What astronaut Neil Armstrong said when he first stepped out onto the surface of the Moon on July 20th 1969, ranks, without question, as one of the most famous phrases ever uttered. A Google search on the internet today results in no less than 2.2 million hits for Armstrong's phrase. The only phrase that results in more is "To be or not to be," at 2.3 million hits, but that, of course, is a quote from Shakespeare, not a statement spoken as part of an actual, historical event.
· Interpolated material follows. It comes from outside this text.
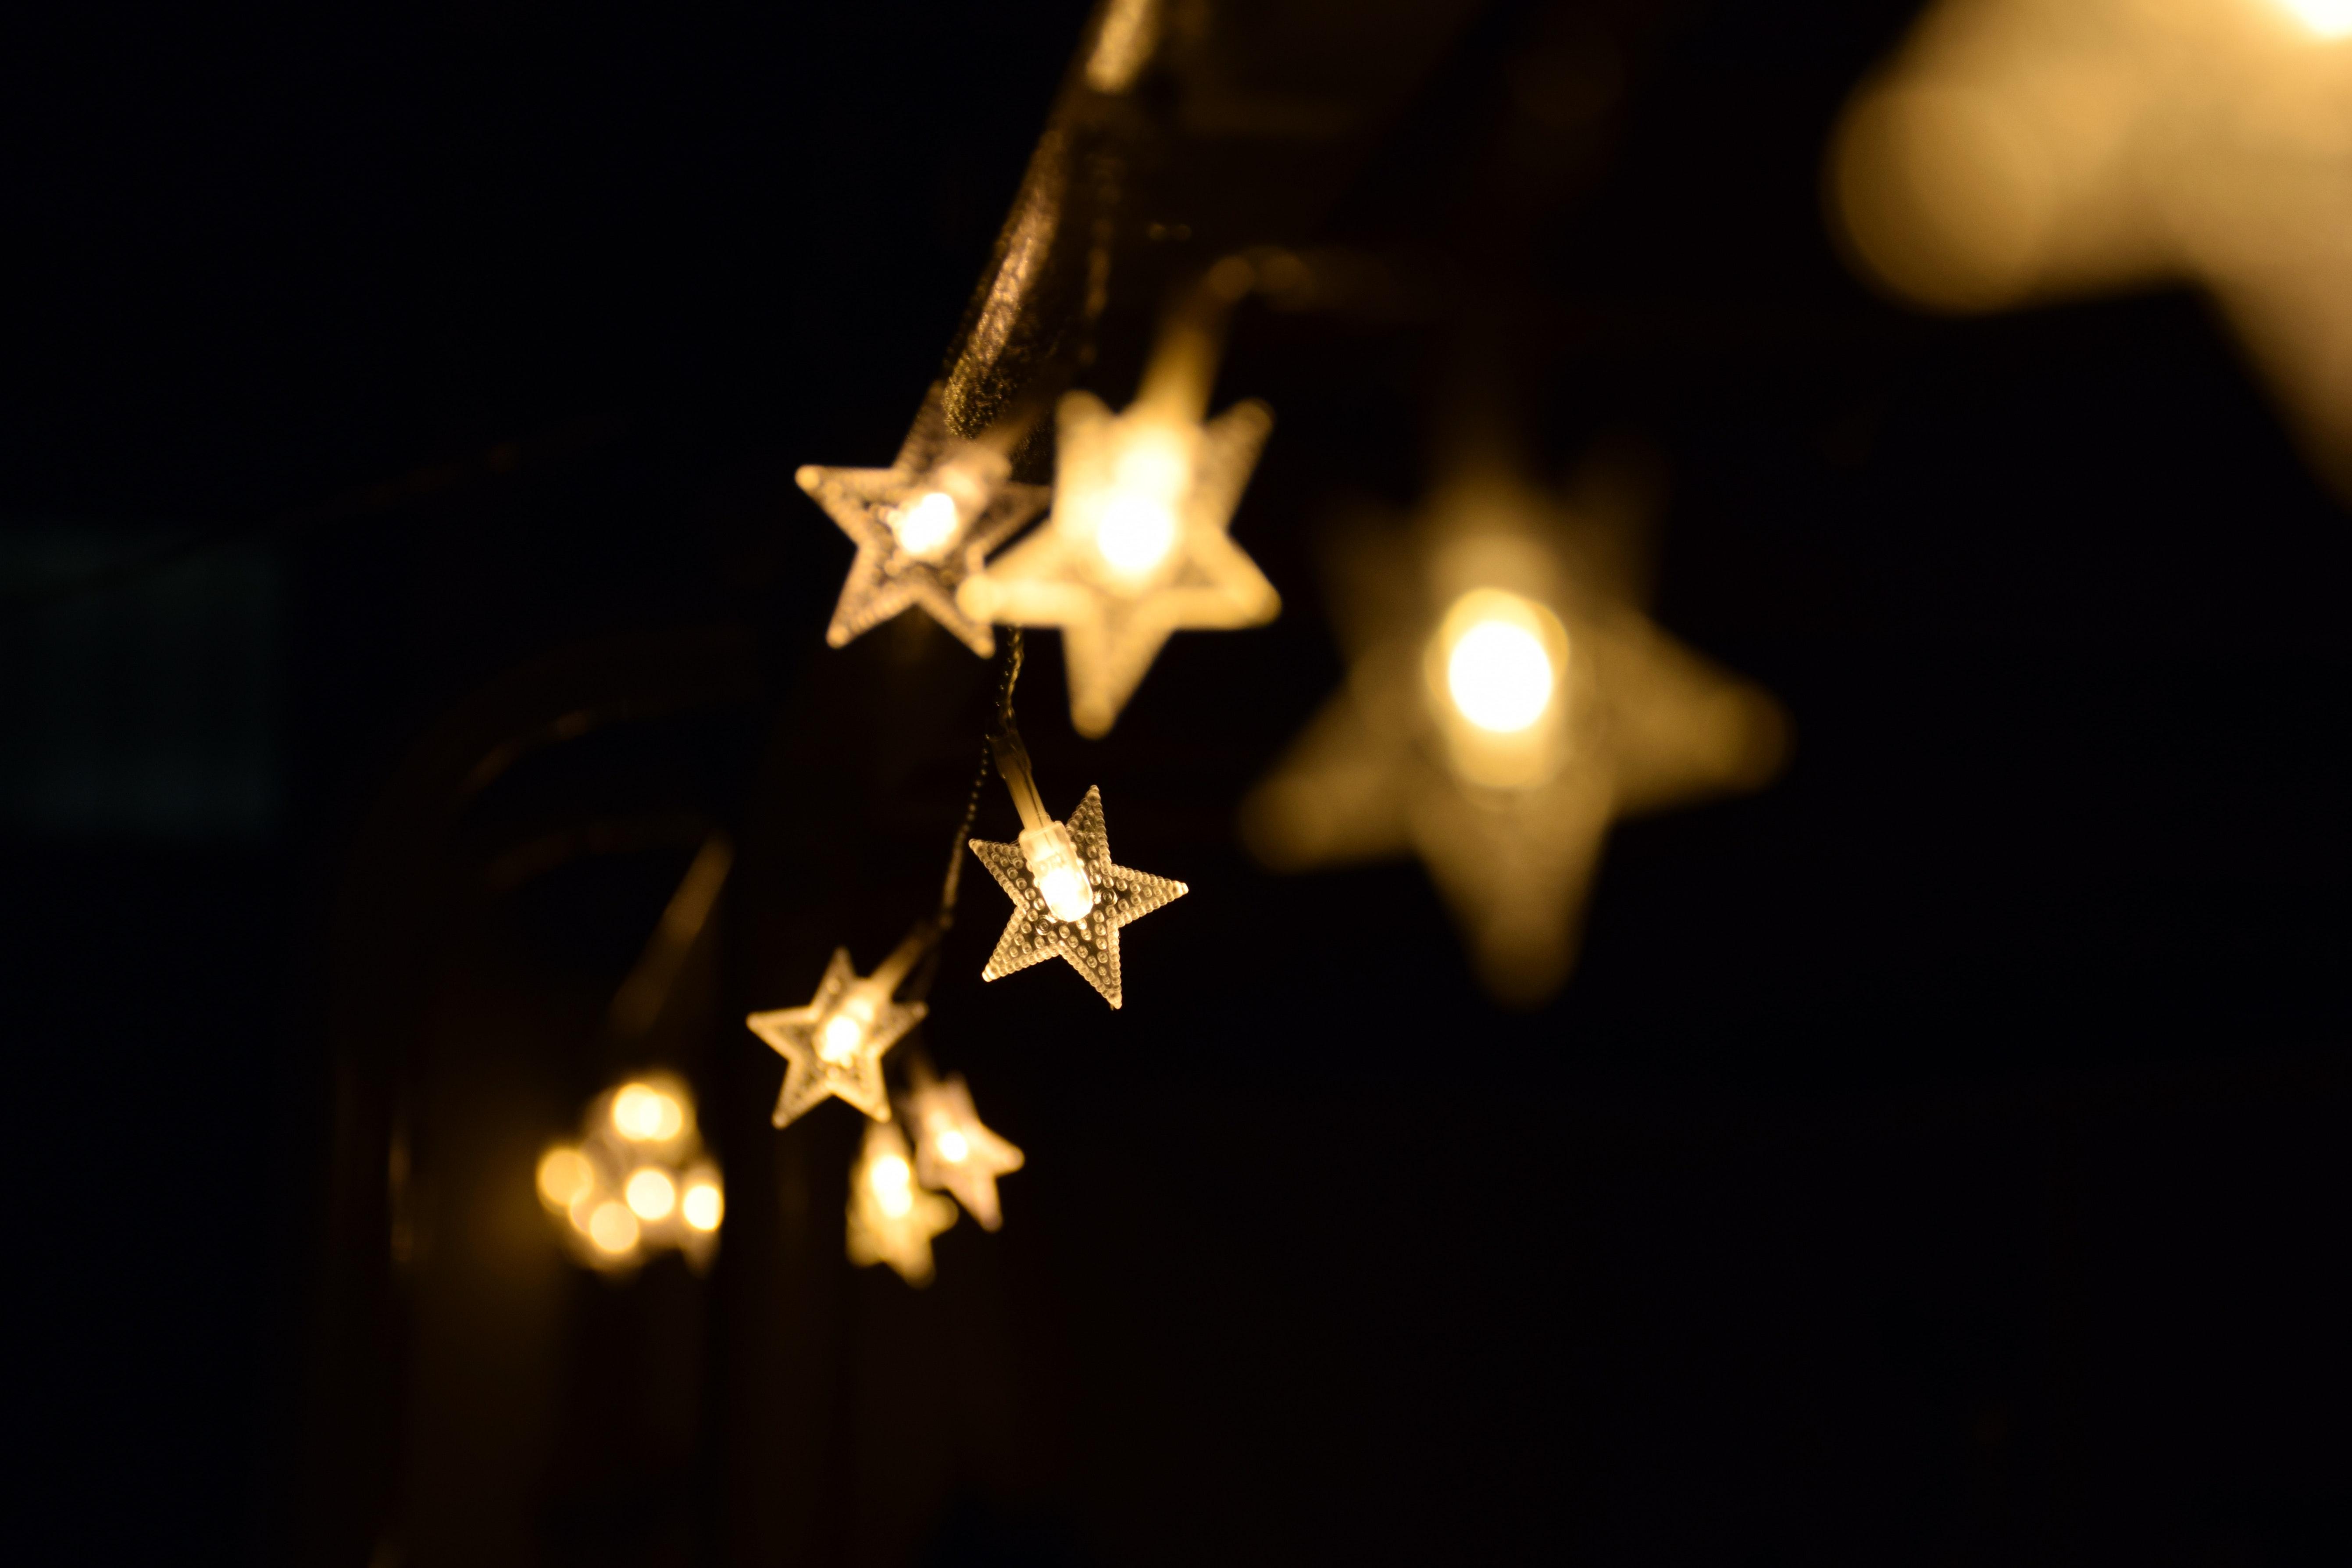 shallow-focus-photography-of-yellow-star-lanterns-980859

To put the magnitude of Armstrong's statement in perspective, two of the most famous quotes from American presidents -- Franklin Roosevelt's "We have nothing to fear but fear itself" and Jack Kennedy's "Ask not what your country can do for you, ask what you can do for your country" -- results in less than 200,000 Google hits.
But what exactly is it that Armstrong said? History credits the phrase as "That's one small step for man, one giant leap for mankind," but, as Neil Armstrong indicated upon returning to Earth after his Apollo 11 mission, he intended on saying, "That's one small step for [b]a[/b] man, one giant leap for mankind." In fact, that's what he thought he did say, though the "a" could not be heard, leading to a fascinating little space-age mystery that no audio or computer technology of the day could resolve. The technical and historical consensus became that Neil, indeed, fully intended to say, "That's one small step for a man," but, in the rush of the moment, forgot to say, or just did not say, the "a."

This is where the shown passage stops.